Given information:
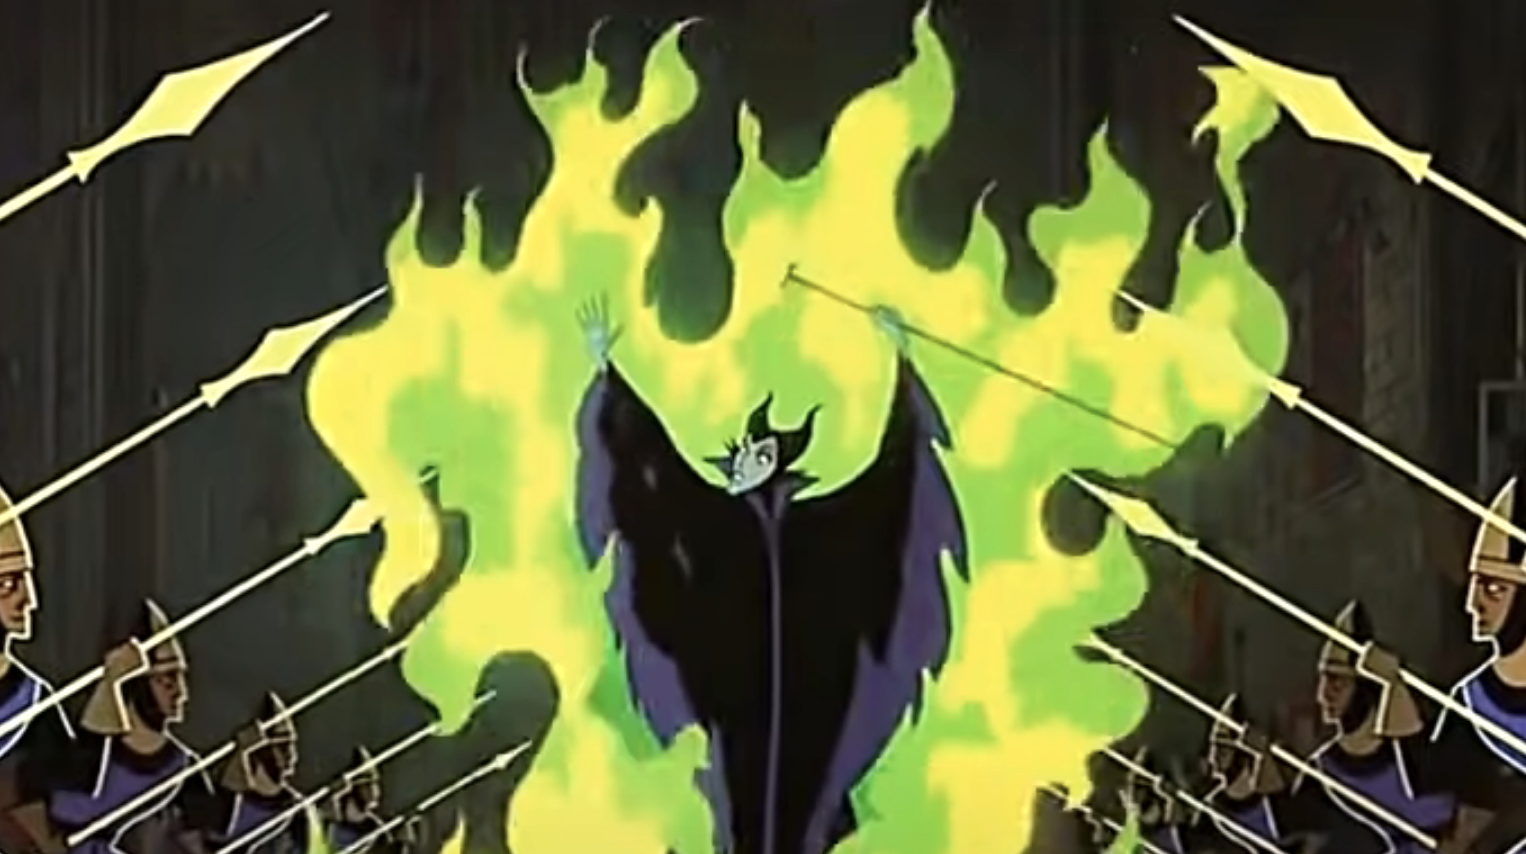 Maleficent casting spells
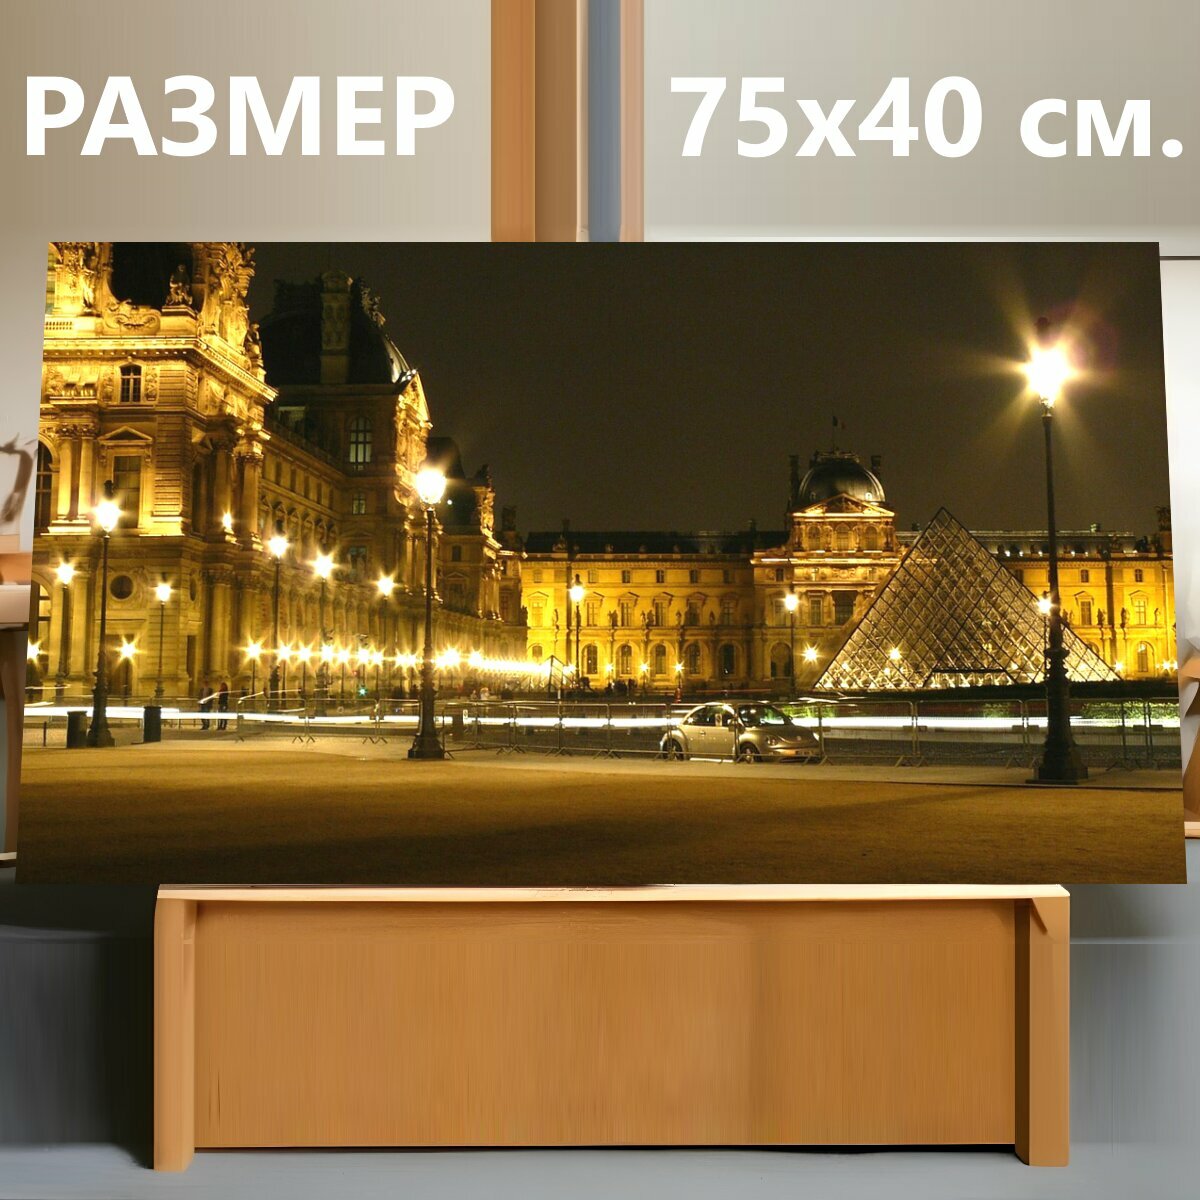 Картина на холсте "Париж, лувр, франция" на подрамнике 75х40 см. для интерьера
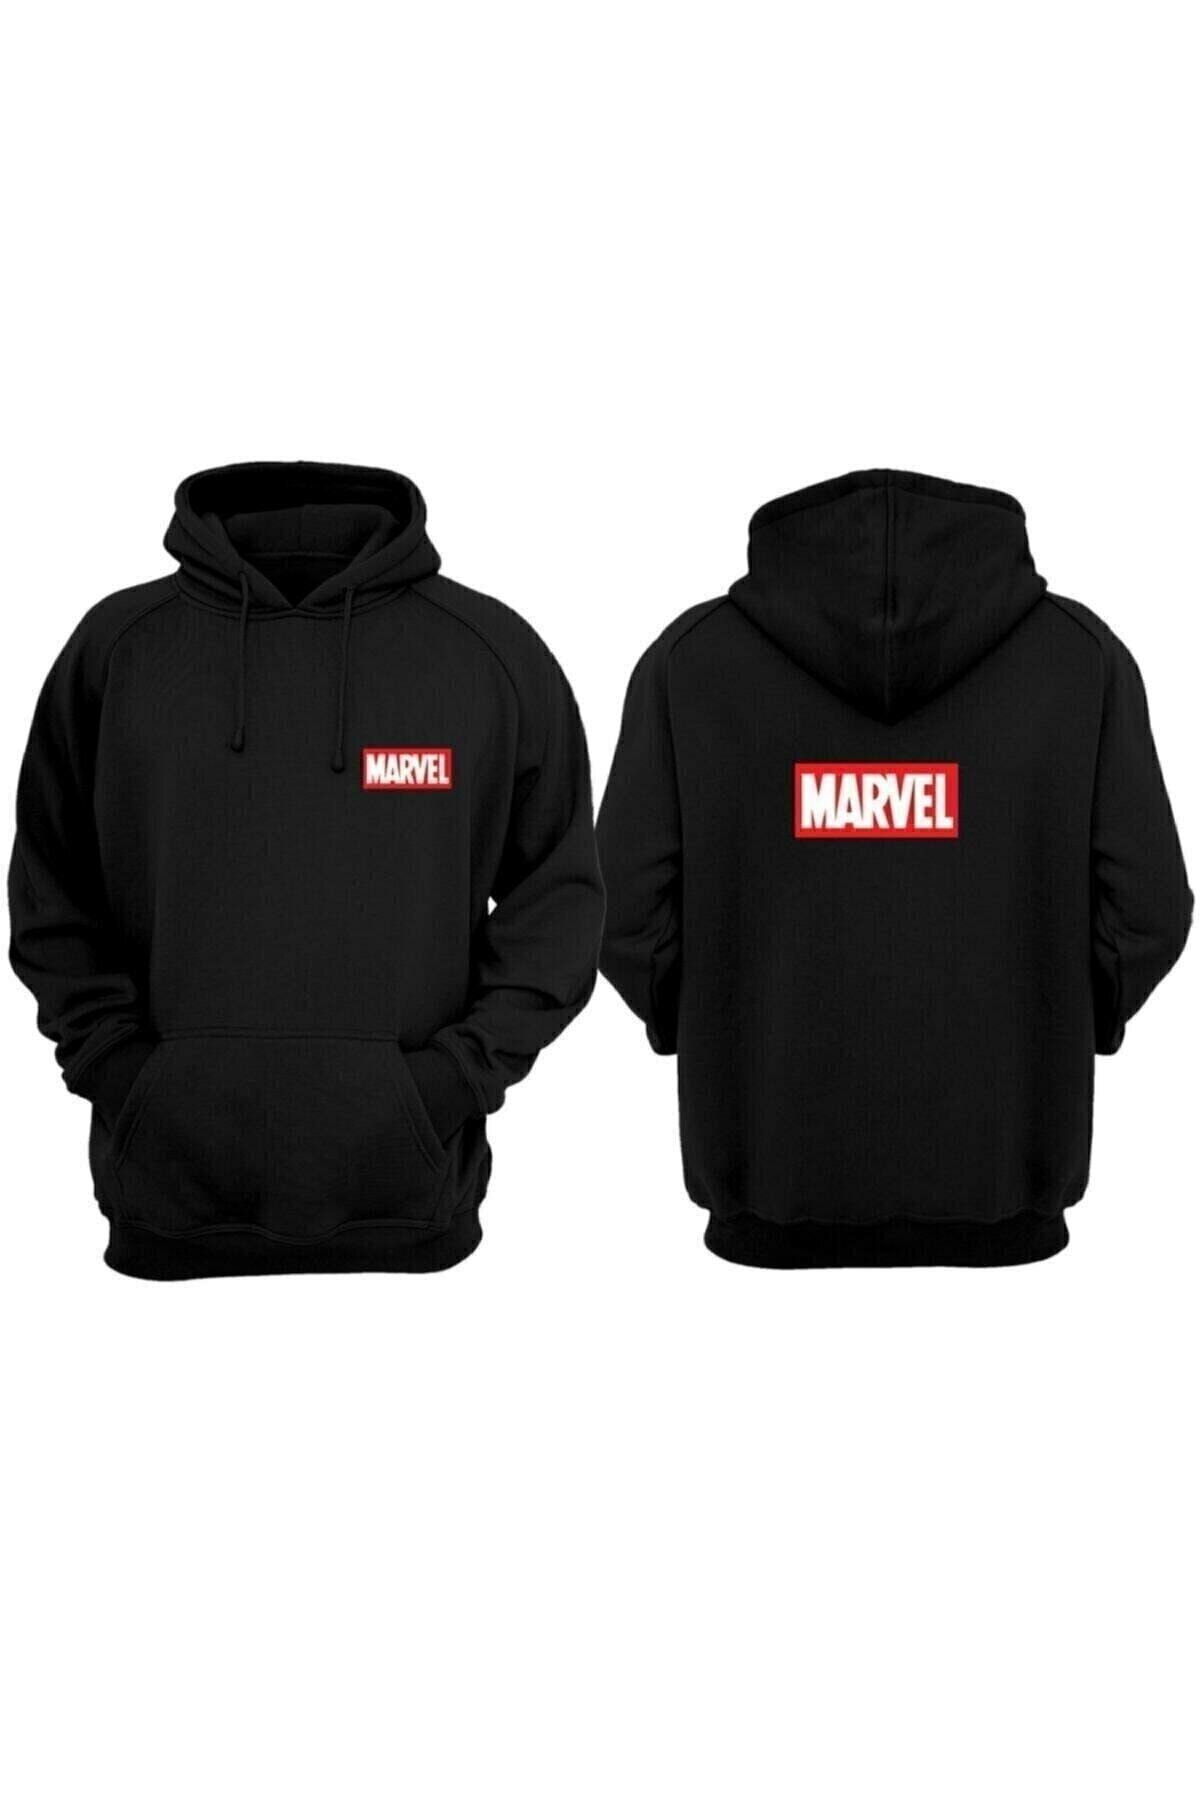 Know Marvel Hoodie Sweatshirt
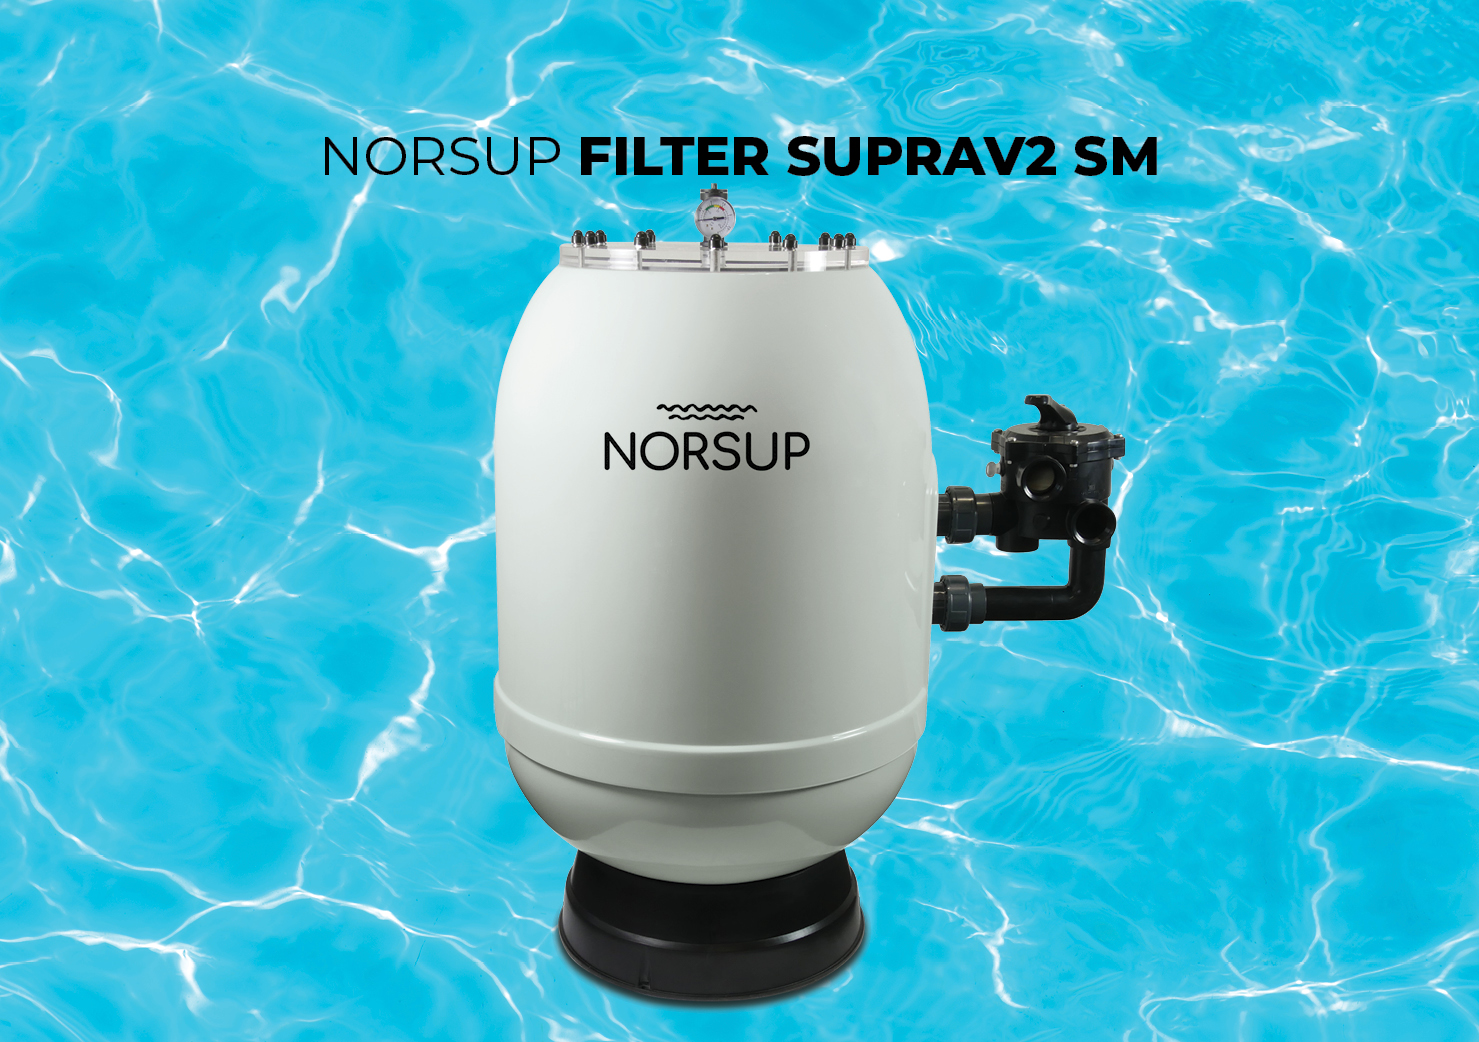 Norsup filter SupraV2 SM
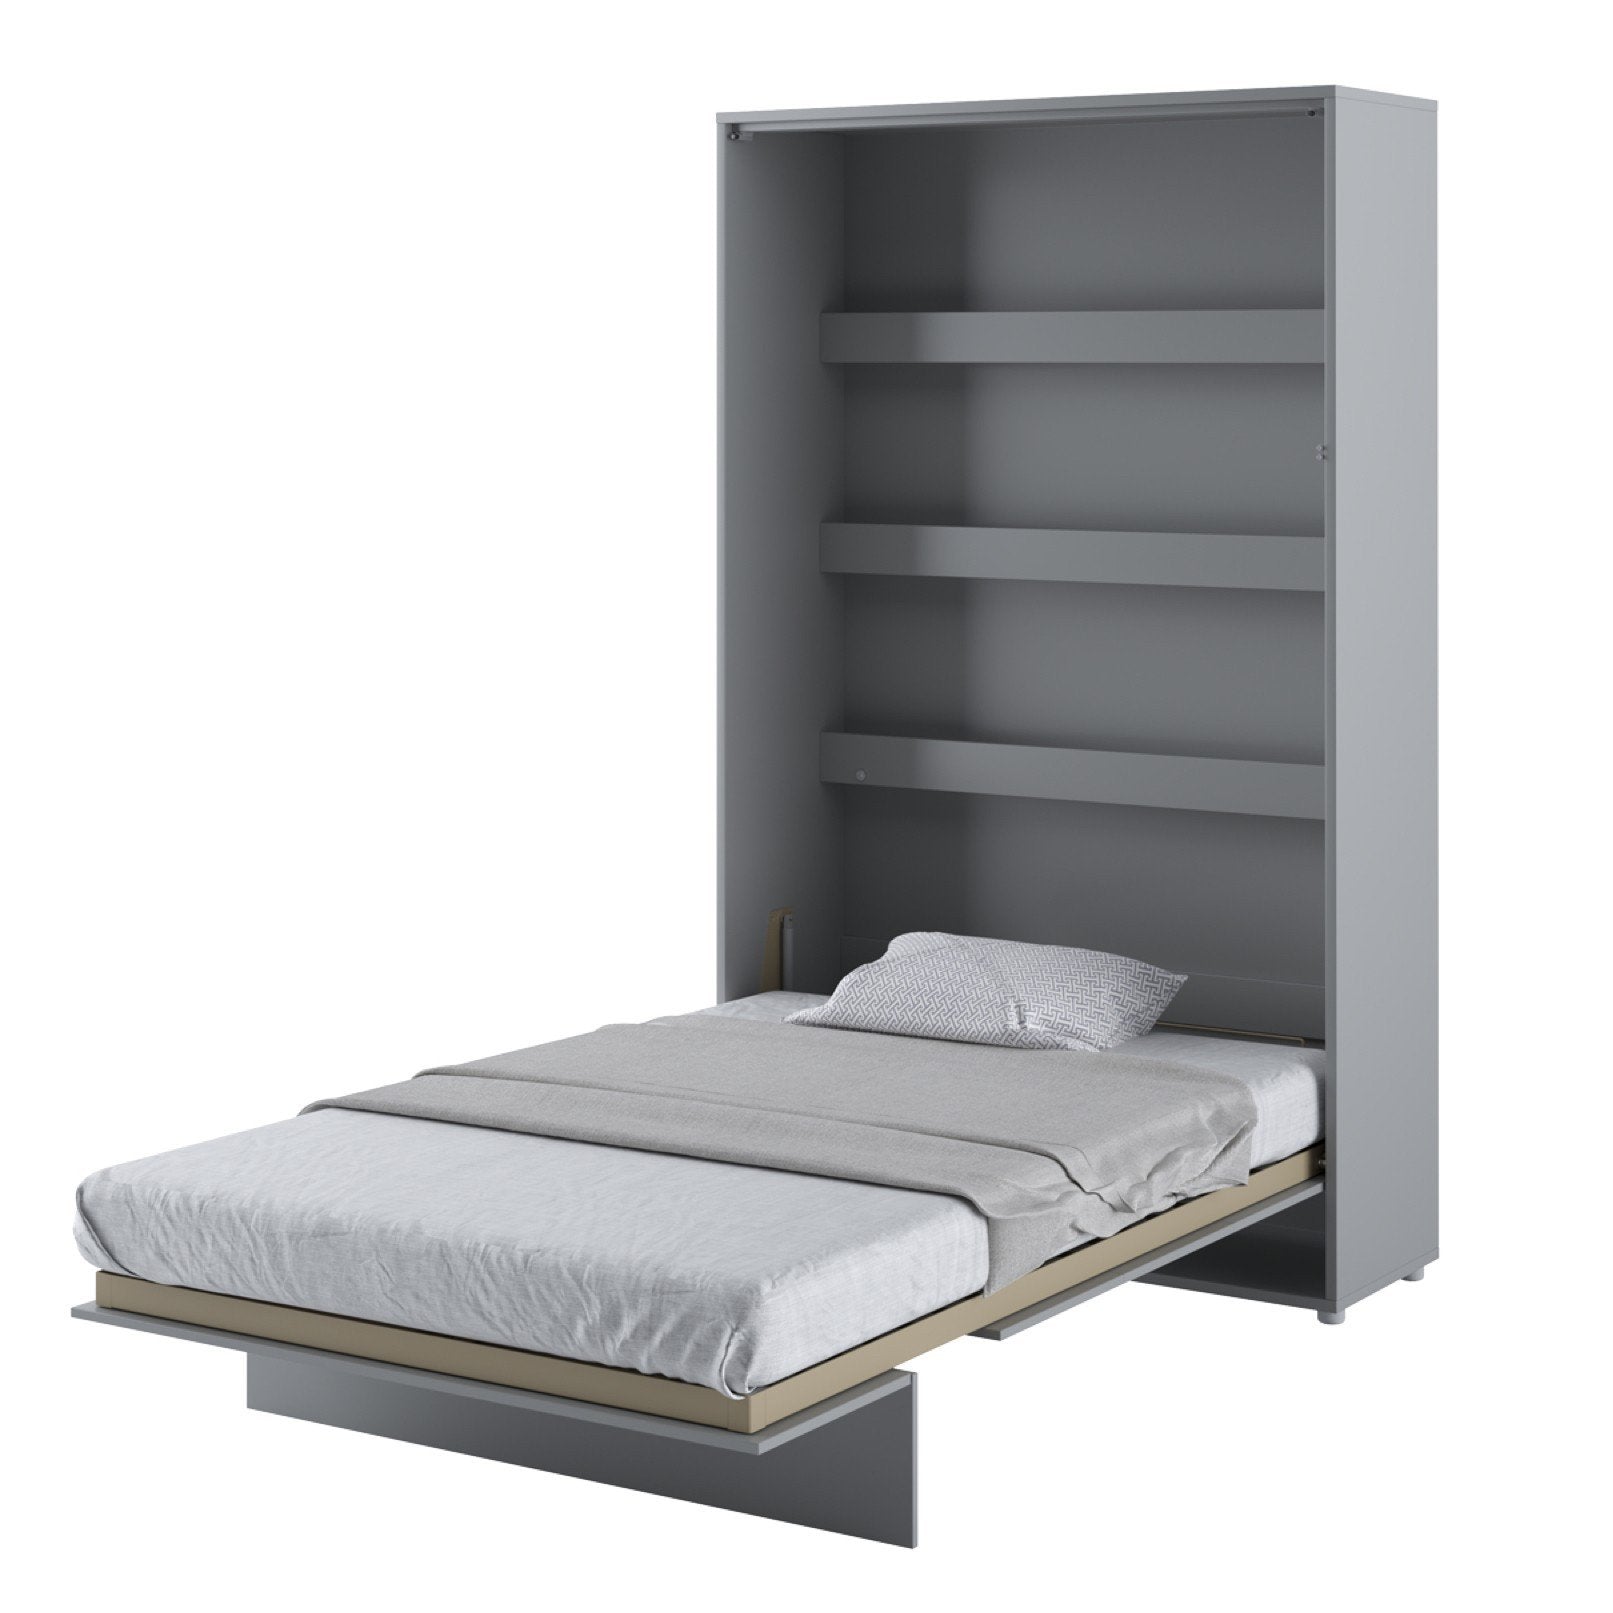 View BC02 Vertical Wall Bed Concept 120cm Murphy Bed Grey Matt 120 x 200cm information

How to complete this task: Set down the line containing "Know Marvel Hoodie Sweatshirt" and every line after it up to the end of the material, exactly as written, but not the pictures.

Exercise result:
 Know Marvel Hoodie Sweatshirt
 Norsup filter SupraV2 SM
 View BC02 Vertical Wall Bed Concept 120cm Murphy Bed Grey Matt 120 x 200cm information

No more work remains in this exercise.